Those familiar with IR35 will know that the rules for determining IR35 status are different for medium/large businesses (‘MLBs’) and small ones, as are the rules as to who is liable to account for IR35 taxes. If the hirer is a small business, the contractor remains responsible for reporting to HMRC where an engagement falls inside IR35, and for accounting for the consequent tax. Not so where the hirer is an MLB, and we all know that the potential of tax liability for MLBs has caused a good number of MLB hirers to take the risk-free route of blocking outside IR35 arrangements one way or another.
The Change
Employment businesses (EBs) tuned into this area may be keen to take note. A small business is now redefined from 6th April 2025. Two of the three criteria for determining a small business will increase: turnover £15m up from £10.2m, balance sheet up from a maximum of £5m to £7.5m; whilst staff maximum level of 50 remains the same.

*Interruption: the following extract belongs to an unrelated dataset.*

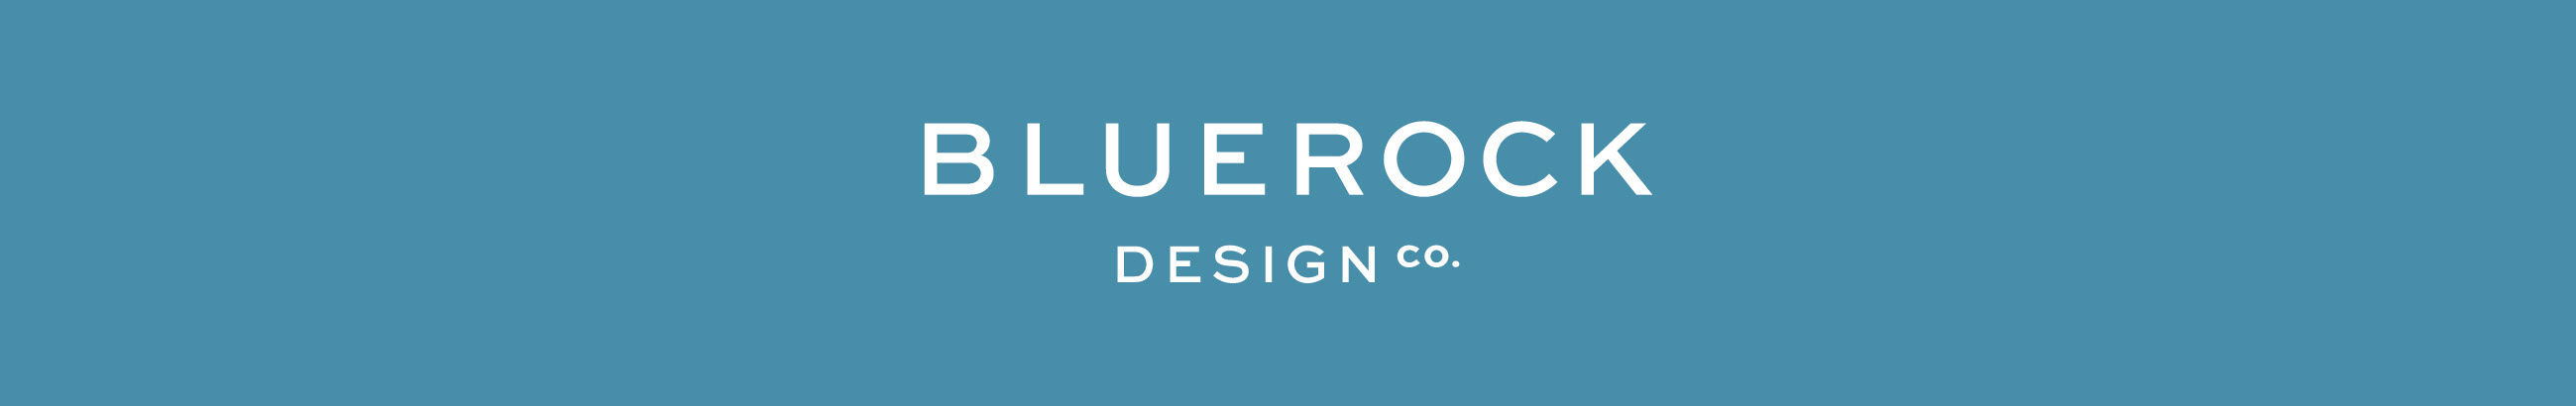 Баннер профиля Bluerock Design Co.
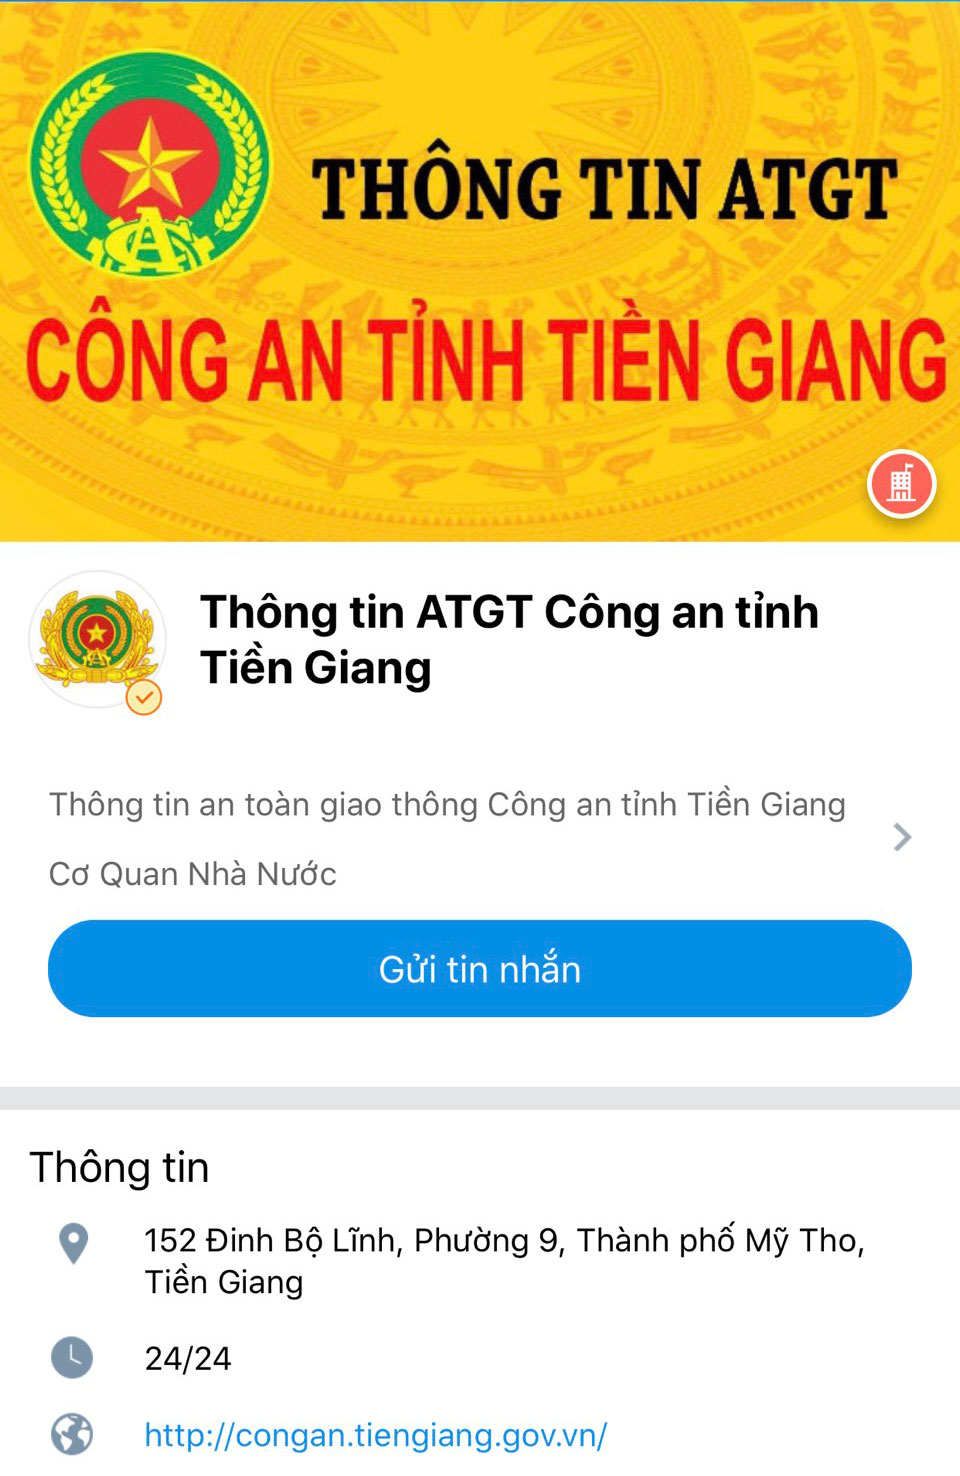 Giao diện trang zalo Công an Tiền Giang.

So EBs supplying contractors can revisit IR35 if the hirer is a small business under the new rules, when it may not have been under the old rules. This does not mean that engagements with that hirer are automatically outside IR35, but that the responsibility for the assessment and liability for the taxes may pass to the contractor. This means that in this case no more risk of having to pay the contractor’s deemed employment income.
Hirer’s obligations
Reviewing the client’s size can be made easier by setting aside a task force to check the clients you work with. This should be helped by the legal requirement for an existing hirer to (a) tell you if its status as MLB has changed to small and (b) withdraw any previous IR35 status assessment. A hirer’s failure to recognise this obligation comes with the risk that it may become liable for the IR35 ‘deemed employment’ taxes as the fee payer in place of the party that actually pays the contractor. So it’s always best to be clear about a new small business status.
Once a business is identified as now falling within the ‘small business’ rules, the old IR35 rules apply, with minimal scope for tax risk for the supplying employment business and all parties are likely to be content.
Nothing is easy in this life but some focus on this area may produce dividends for contractor agencies, and for once recognising that so long as it’s small, bigger is better!